いつもは用件と行き先を告げてからでかけるのに、珍しいこともあったもんだ。
「おまっと~。」
「うっひょーうまそー!いただきまんとひひ!」
「普通に生きてたらまず聞かないなそれ。」
「レアな体験が出来たんだからラッキーじゃない?」
そんなことをいいつつチーズパン(っていうかむしろパンチーズ)にかぶりつくさきねぇ。
自分で作っておきながらすごい良いにおいである。
俺もいただくとしよう。
「ごちそうさまー」「おそまつさまでした。」
朝食を食べ終わり、洗いものタイムに入る。
鼻歌を口ずさみながら食器を洗っていると、さきねぇがいる方向から声が。
「あー、久しぶりに仕事でもするー?」
「おーいいね。いくか。」
なんとも人生をなめた発言である。
その辺の冒険者たちに聞かれたら、めっちゃガンつけられることだろう。
ここ一週間、ずっと家でゴロゴロしてたり昼寝してたり散歩してたりだからな。
もちろん特訓自体は続けているけども。
「っし、洗い物終了っと。じゃあ準備してアルゼンまでいくべ。」
「おっけー。」
準備といっても着替えてローブを羽織って魔法袋を持って終わり。簡単。
いつも魔法袋内の食料や道具の在庫チェックだけは欠かさないので、今更確認する必要もなし。

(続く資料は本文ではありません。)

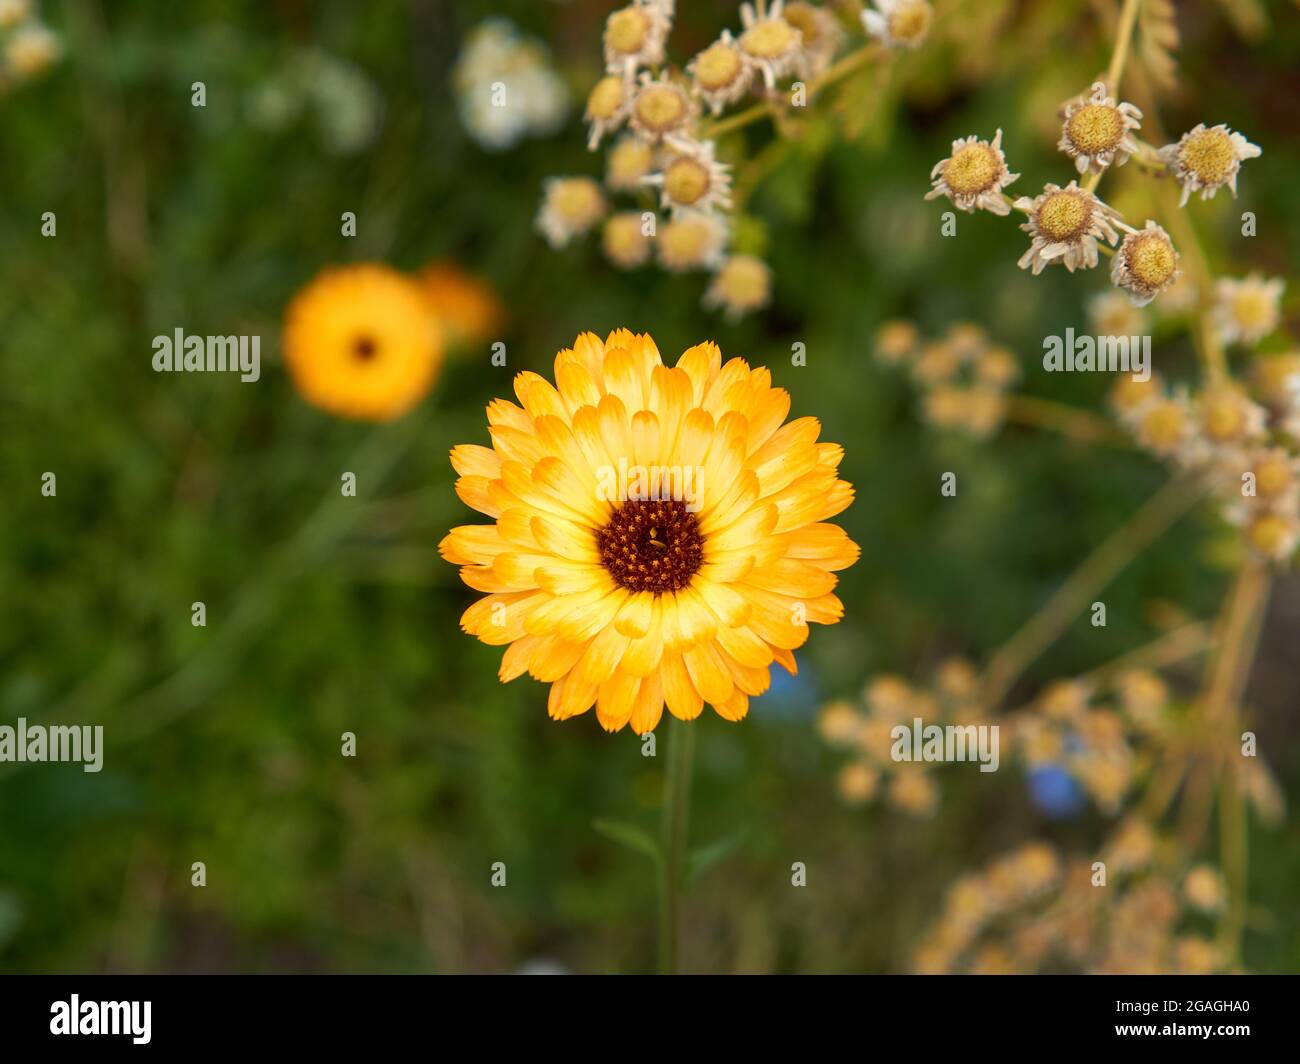 Primer plano de una flor de Calendula amarilla floreciendo en verano Foto de stock

「しっかし、エルエルがいないから街まで歩くのめんどうね。」
「馬ゴーレム使うの慣れちゃったからね。だがここは発想の転換だよさきねぇ。」
「ほほう?聞きましょうか。」
「ノエルさんがいないから二人きり。街まで一時間。これをデートと考えれば・・・?」
「鬼才現る!素晴らしい!ノーベル平和賞は確実ね!」
やっすいなーノーベルさんの価値。
「つーことでまったりいきますか。」
「おー!」
二人仲良く、手を繋いでアルゼンに向かうのだった。
「ほんとなんですよ!この目で見ました!」
「・・・とはいってもねぇ~?」
ギルドにはいると騒ぎ声が耳に入る。
またケンカ?と思ったが、ちょっと違うっぽいな。声色が真剣というか、あせっている。
なにより、その相手は。
「ちょっとスー、声でかいわよ?あ、相手はマリすけか。ならよし。」
「なんで私相手だったら大声でもいいんですか?おかしいですよね?」
後輩(実は向こうのほうが冒険者暦は長いけど)冒険者のスレイとマリーシアさんだった。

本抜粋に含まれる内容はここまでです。